Filter out Bam not overlapping with Bed File (keeping a read and its mate)?
0
0
Entering edit mode
2.1 years ago
Eliveri ▴ 350

I have a Bam file for which I want to REMOVE reads overlapping with a given Bed file (so keep all other reads/alignments). I also want to make sure reads and their mates are always kept.

I am using the following code to filter out a given bed file from bam.

samtools view -L in.bed -O BAM --unoutput output.bam input.bam > /dev/null

After I obtained the output.bam. I sorted the output.bam and convert to fastq (example below). However 663286 singletons were discarded. Is there any way to make sure the mates or reads are always kept?
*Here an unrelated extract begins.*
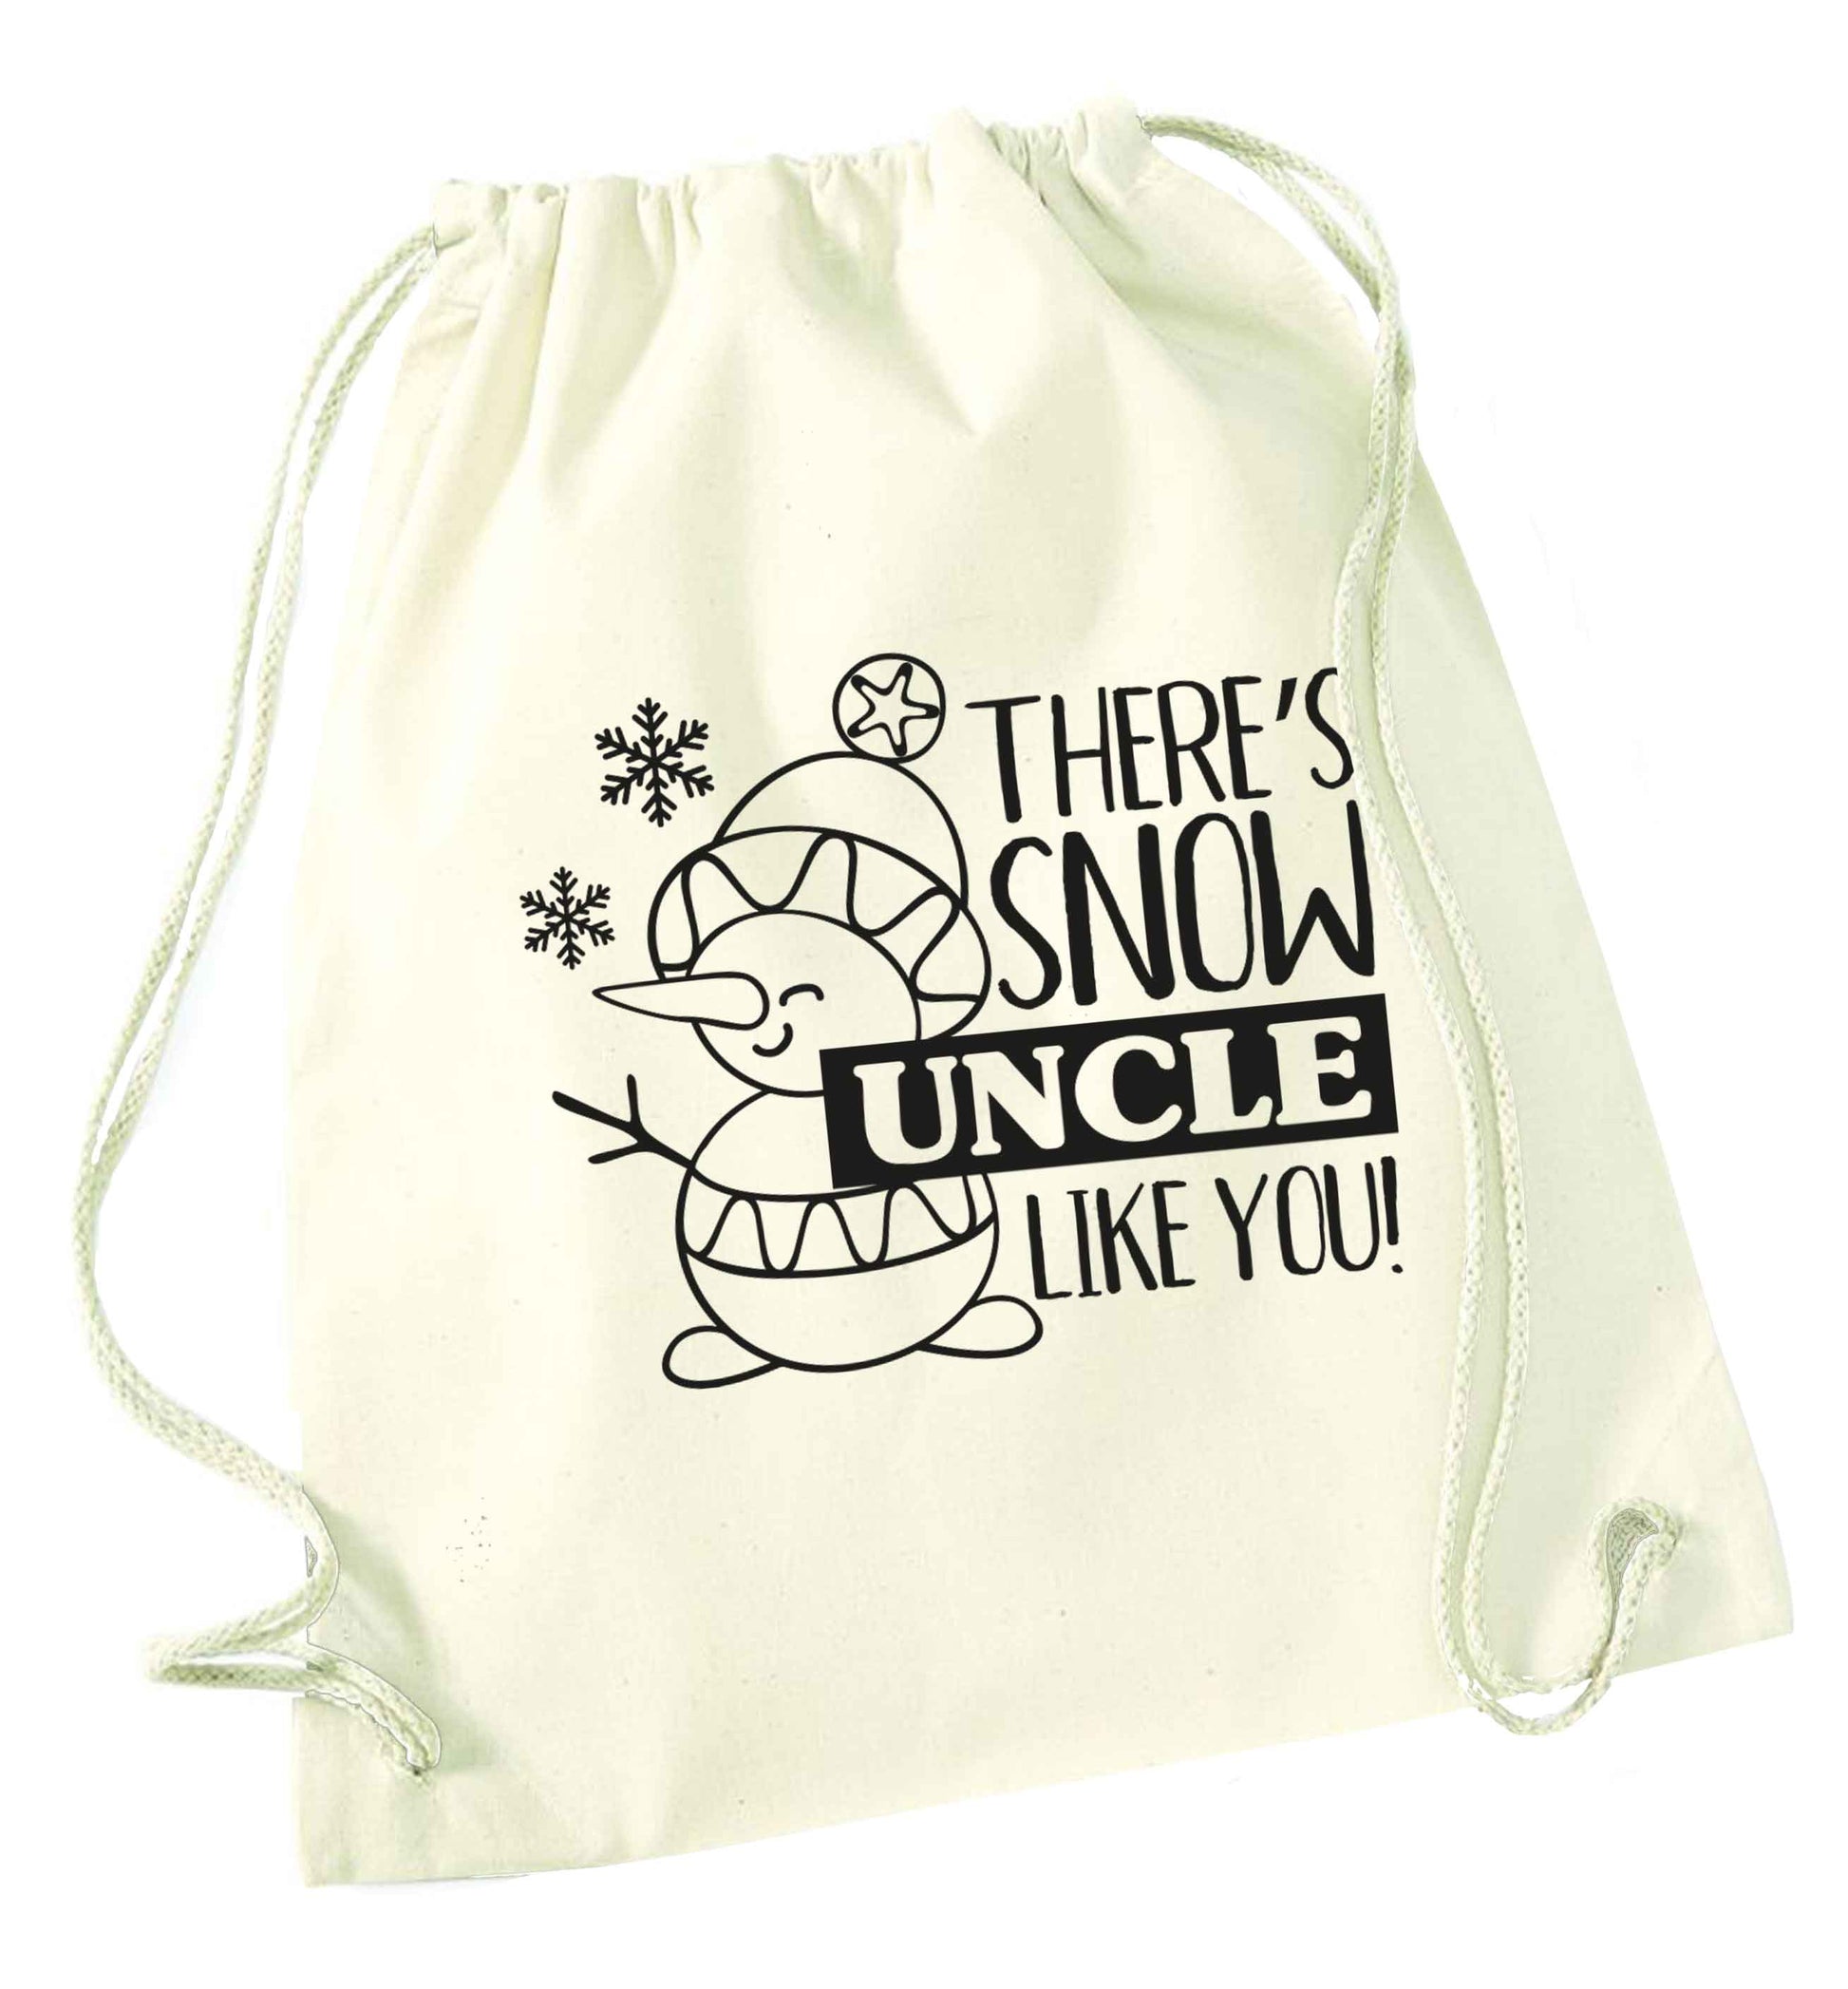 There's snow uncle like you natural drawstring bag

samtools sort -n -m 5G -@ 2 output.bam -o output.sorted.bam
samtools fastq -@ 8 output.sorted.bam \
  -1 output_R1.fastq.gz \
  -2 output_R2.fastq.gz \
  -0 /dev/null -s /dev/null -n

I tried samtools view with --fetch-pairs, but the documentation says "Note that this option does not work with the -c, --count; -U, --output-unselected; or -p, --unmap options." I am not sure if this also includes --unoutput

samtools view -L in.bed -O BAM --unoutput output.bam --fetch-pairs input.bam > /dev/null

I am not sure if I am missing something.

samtools view documentation: http://www.htslib.org/doc/samtools-view.html

samtools bam bed • 2.2k views
ADD COMMENT
1
Entering edit mode

Have you tried using bedtools intersect with -v option?

-v Only report those entries in A that have no overlap in B. Restricted by -f and -r.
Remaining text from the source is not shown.